Task to complete: Write the records out exactly, so that no picture remains in the copy.
[[ Source data, beginning ]]
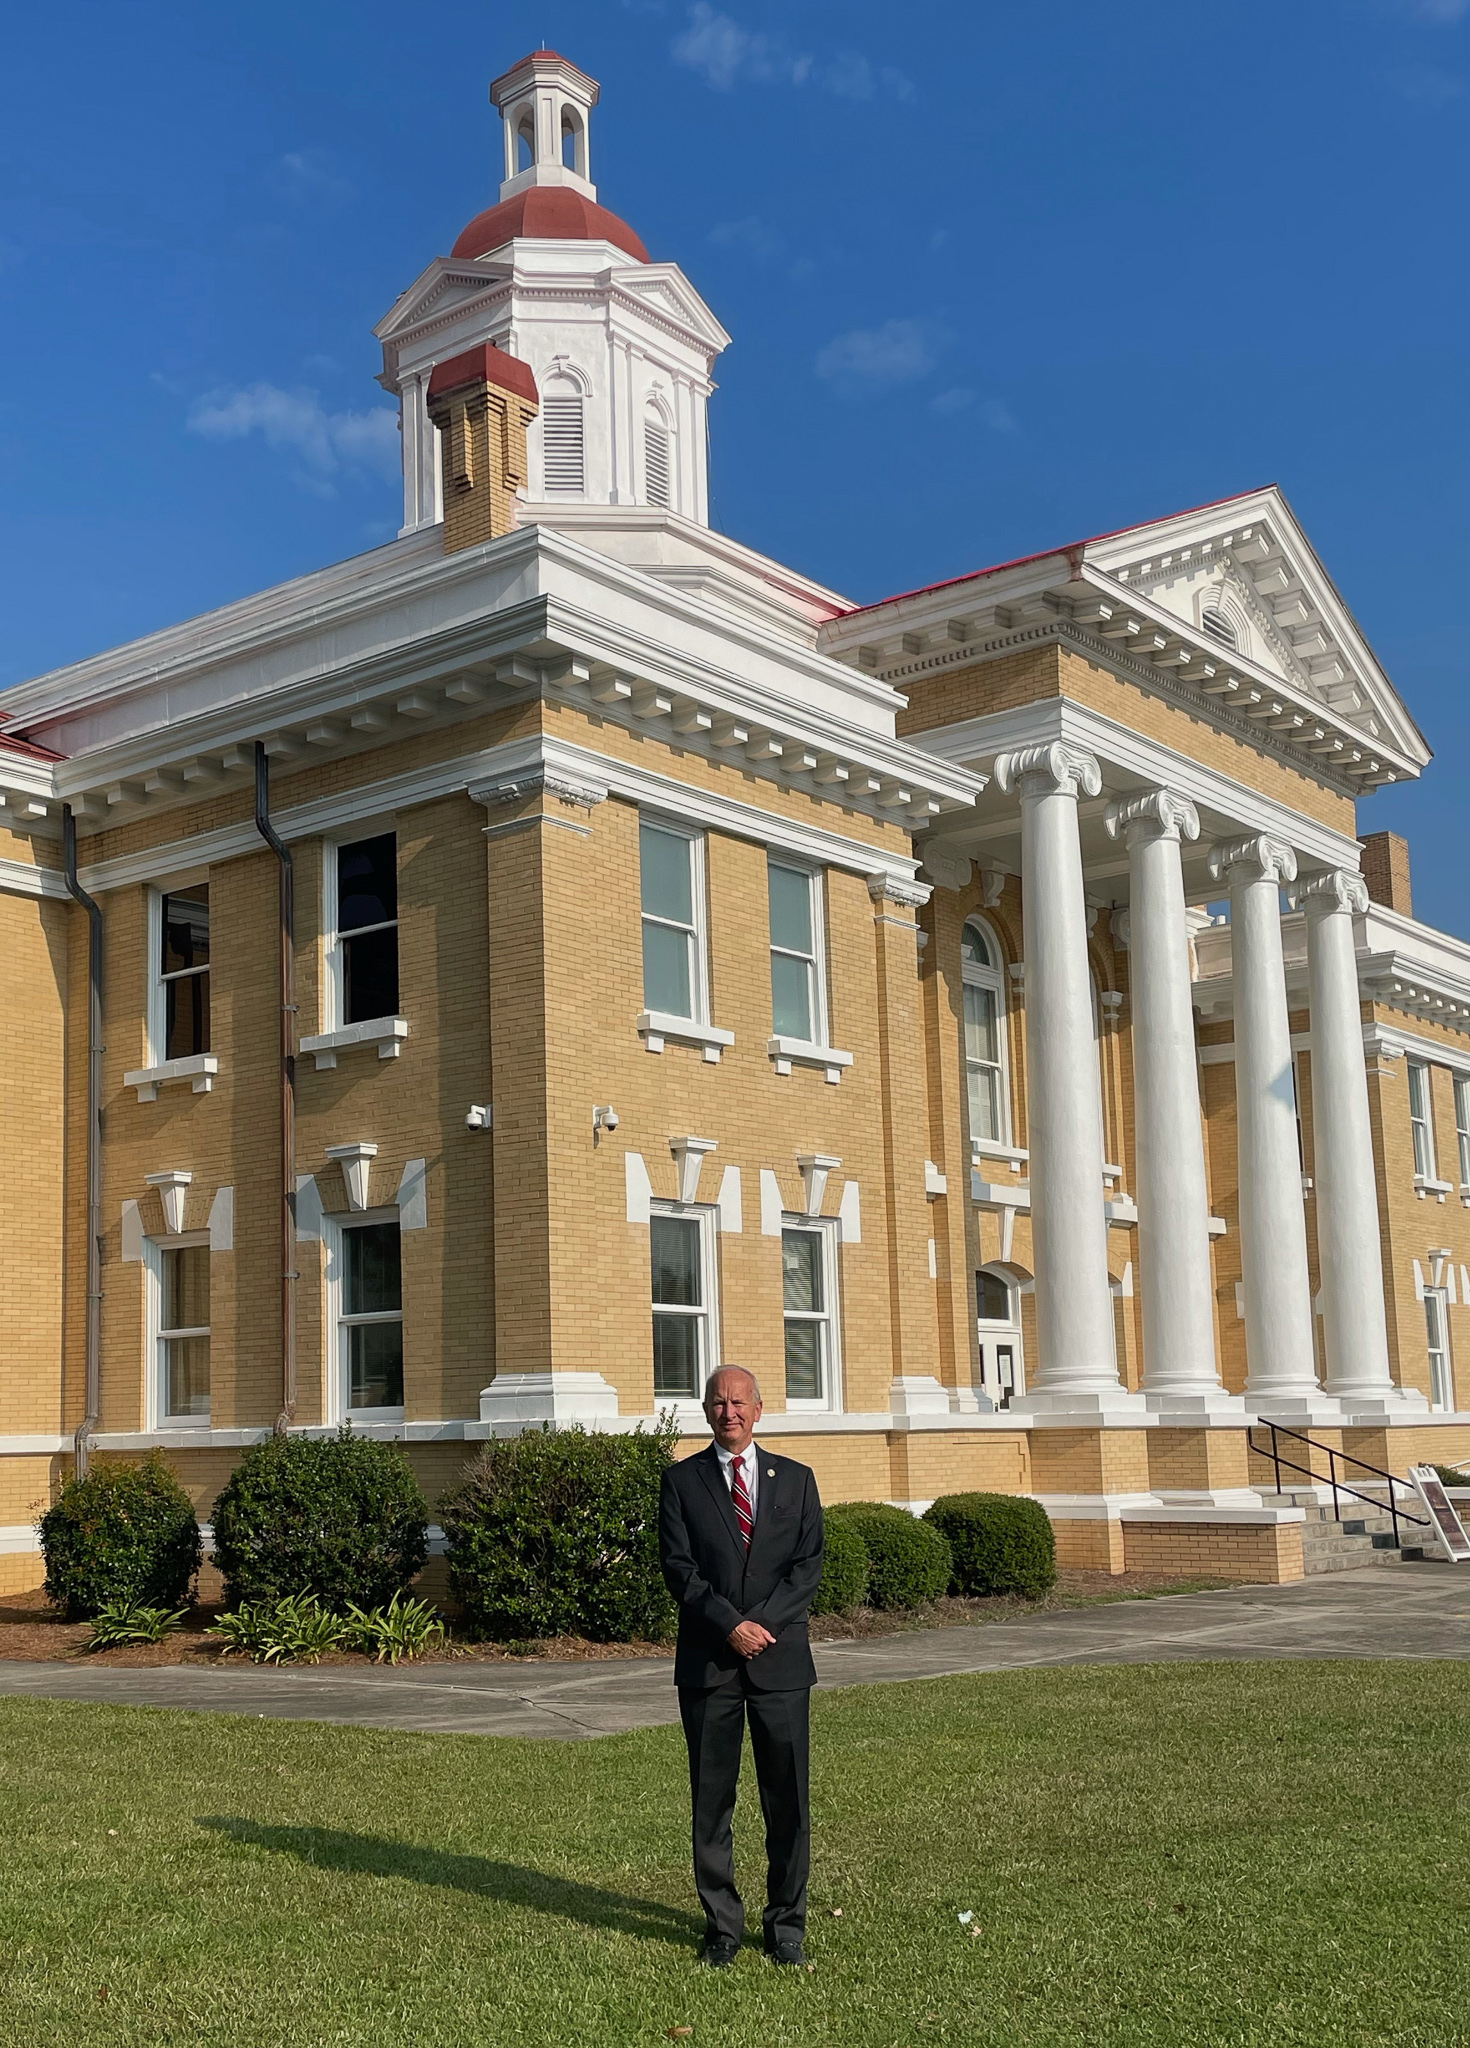 Chief Justice Paul Newby Continues 100 County Tour With Visit To Southeastern North Carolina North Carolina Judicial Branch
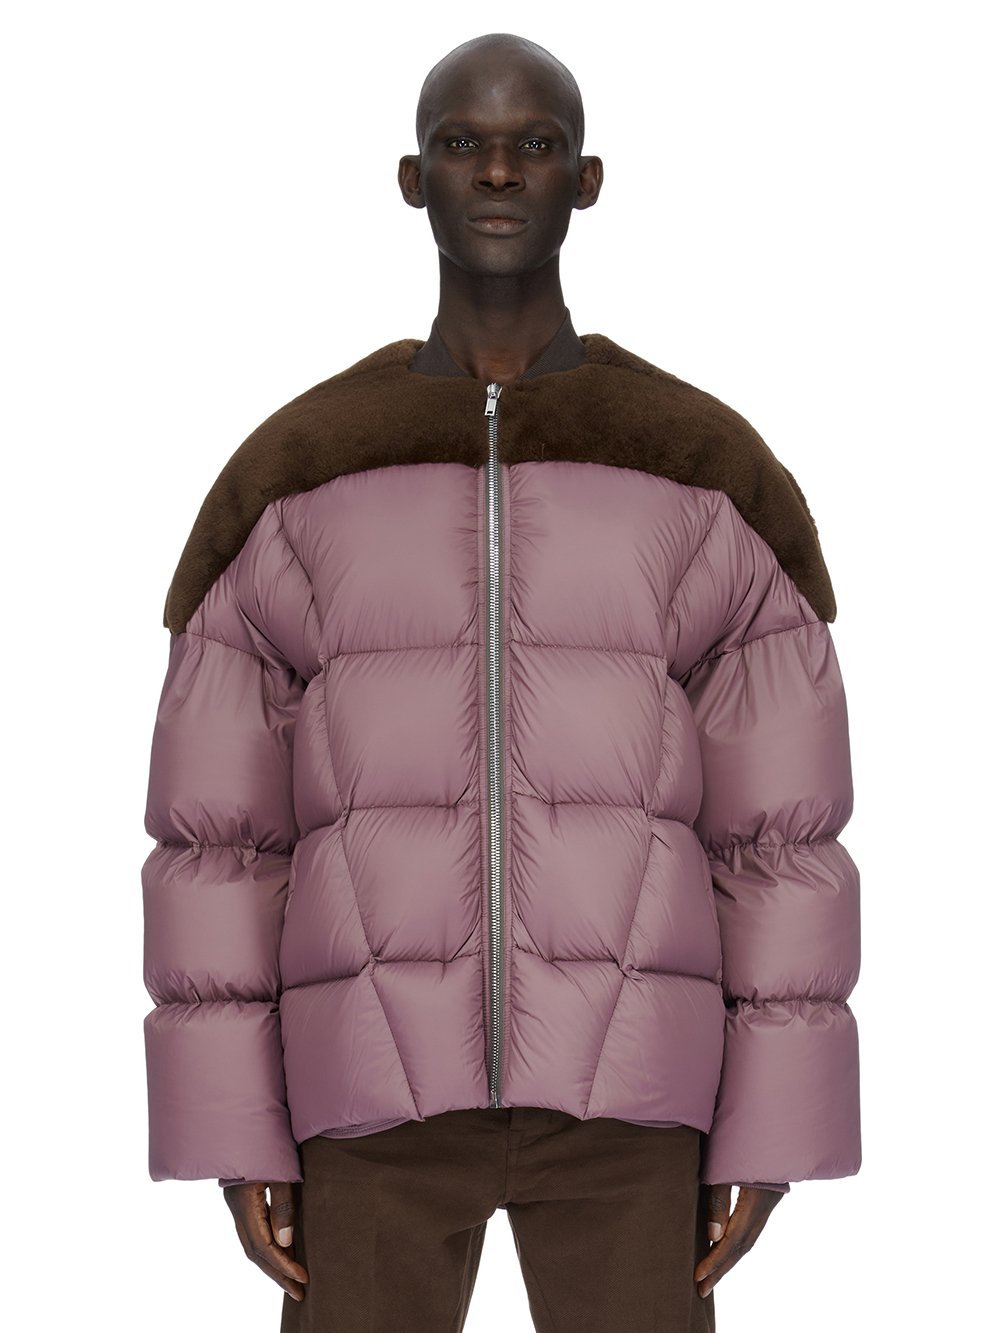 RICK OWENS FW23 LUXOR FLIGHT JKT IN BROWN AND AMETHYST BUTTER LAMB SHEARLING AND RECYCLED NYLON
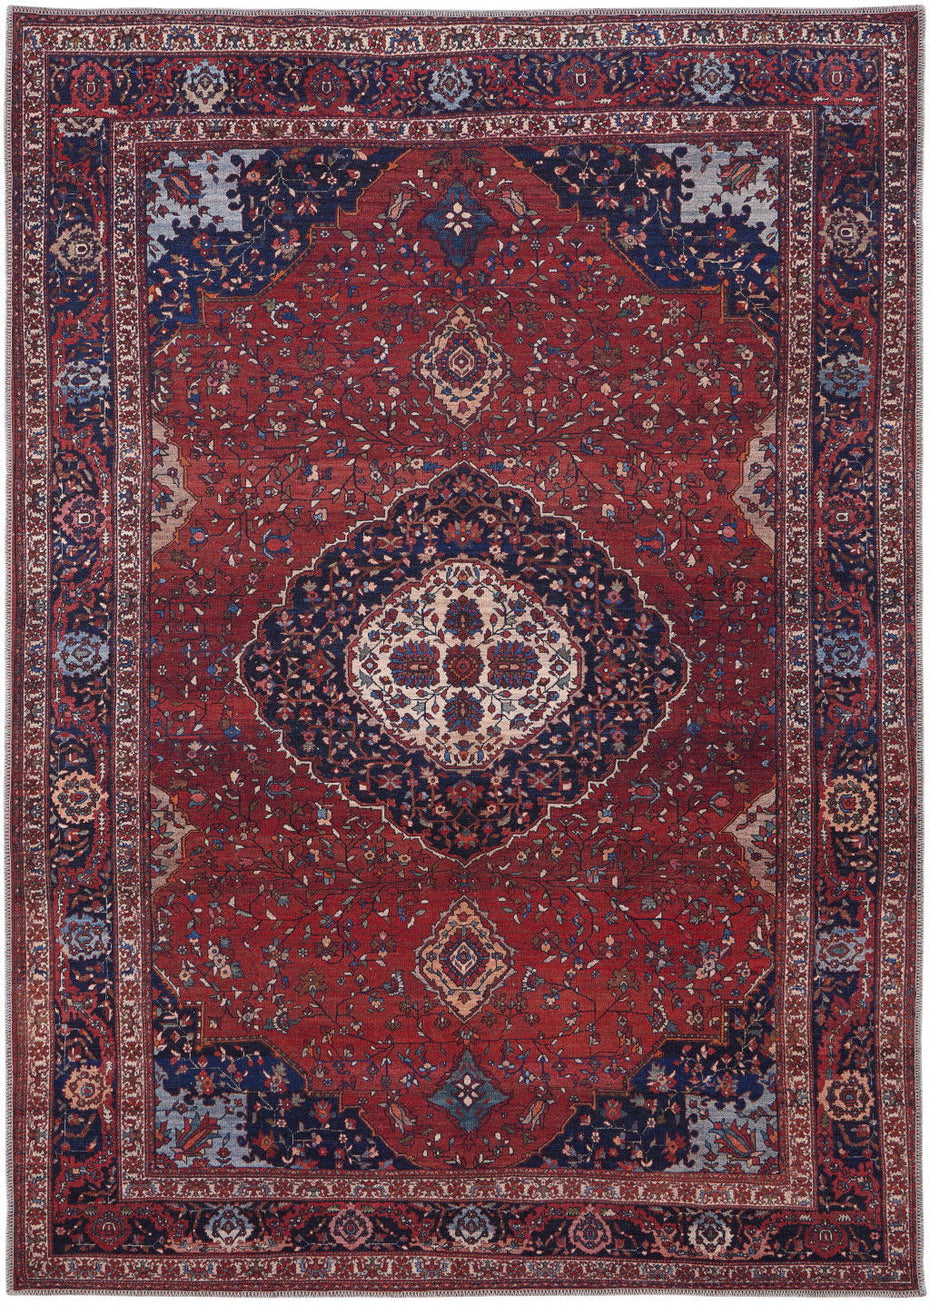 Floral Power Loom Area Rug - Red, Blue And Tan - 2' X 3'
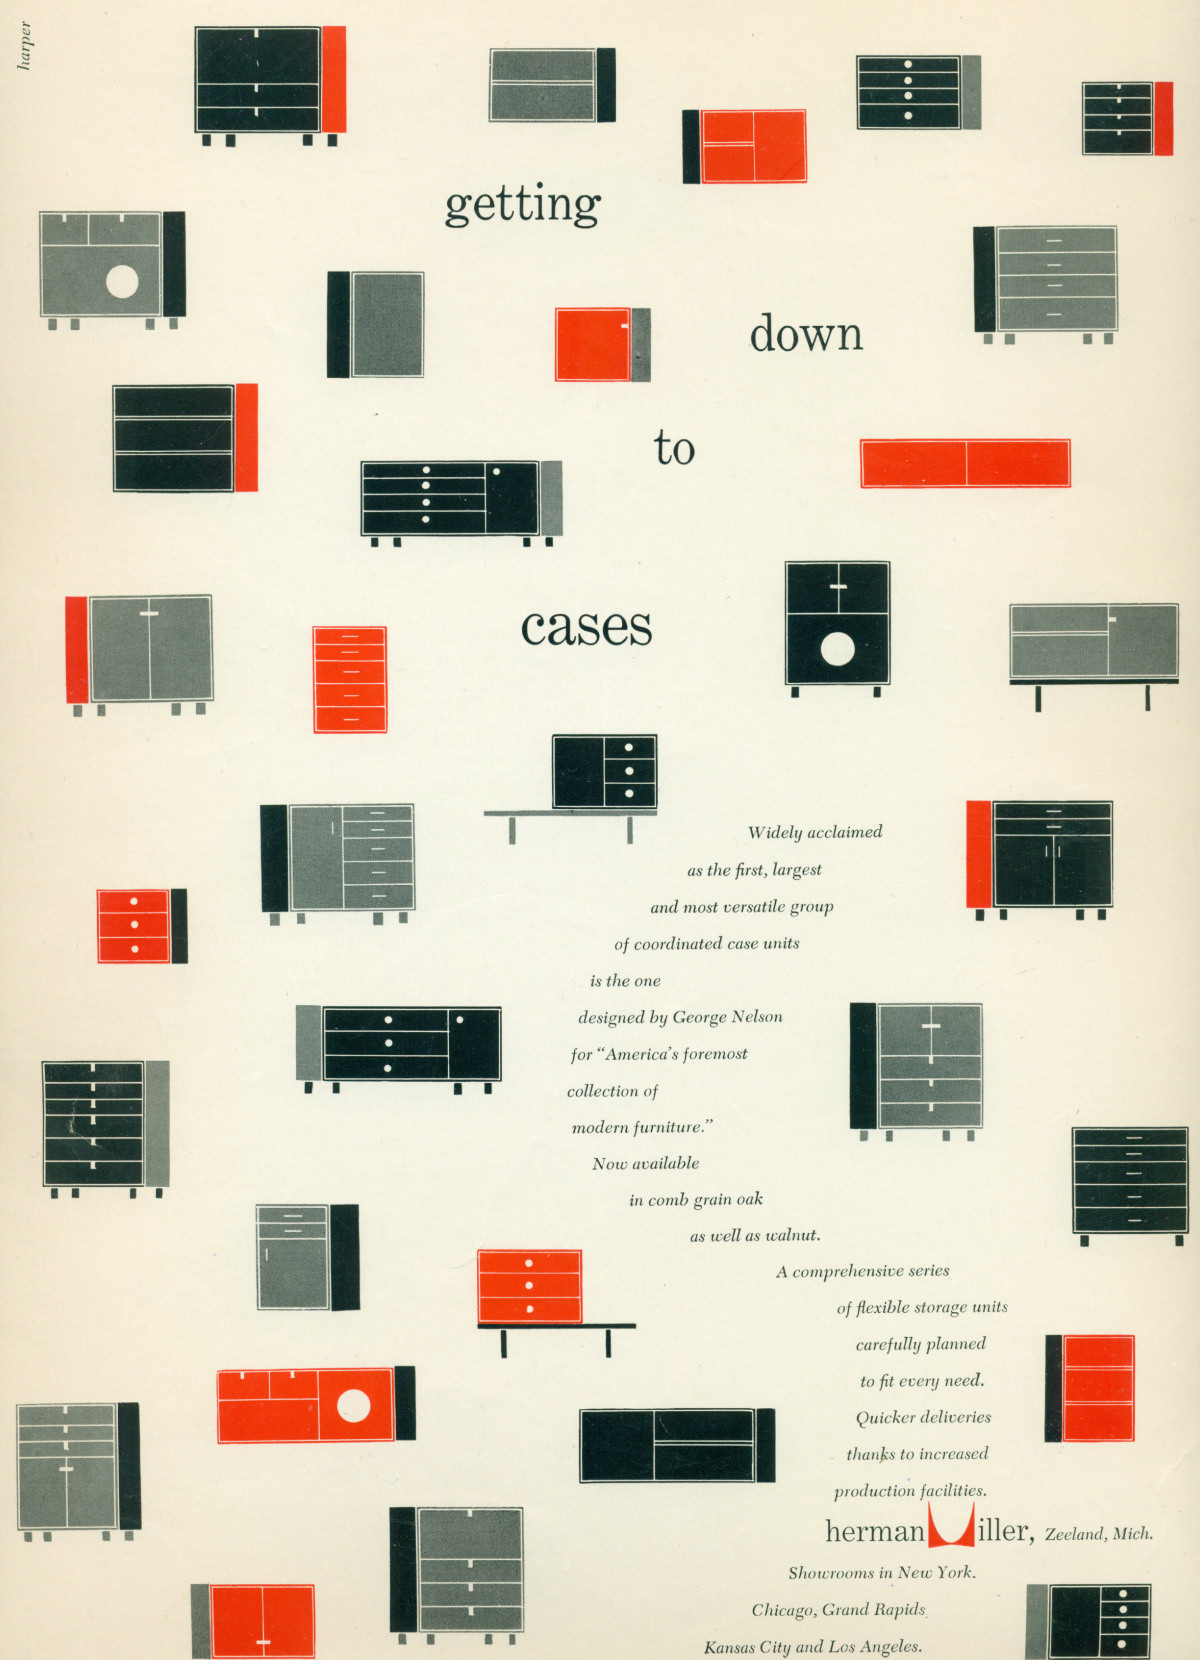 Red, black and grey graphic renderings of various combinations of the Nelson Basic Cabinet Series surround promotional text that curves through the advertisement.
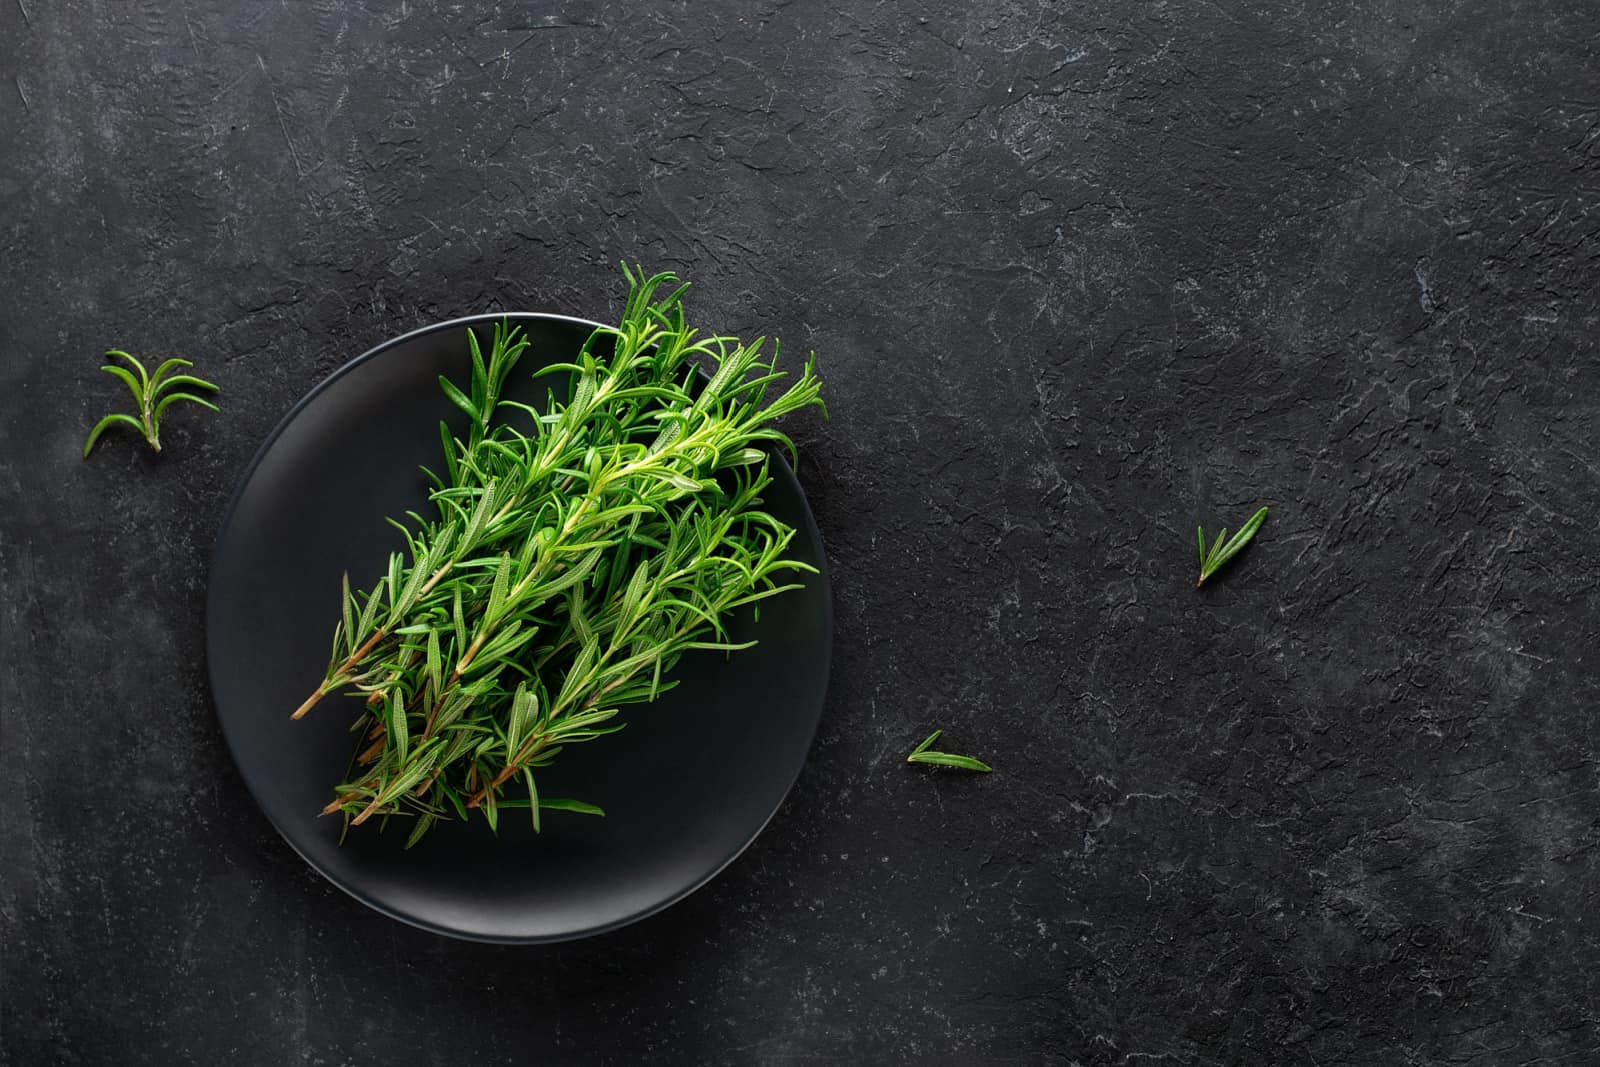 Rosemary herb on a plate on a black background
[[ Source data, end ]]
Your response:
 Chief Justice Paul Newby Continues 100 County Tour With Visit To Southeastern North Carolina North Carolina Judicial Branch
 RICK OWENS FW23 LUXOR FLIGHT JKT IN BROWN AND AMETHYST BUTTER LAMB SHEARLING AND RECYCLED NYLON
 Floral Power Loom Area Rug - Red, Blue And Tan - 2' X 3'
 Red, black and grey graphic renderings of various combinations of the Nelson Basic Cabinet Series surround promotional text that curves through the advertisement.
 Rosemary herb on a plate on a black background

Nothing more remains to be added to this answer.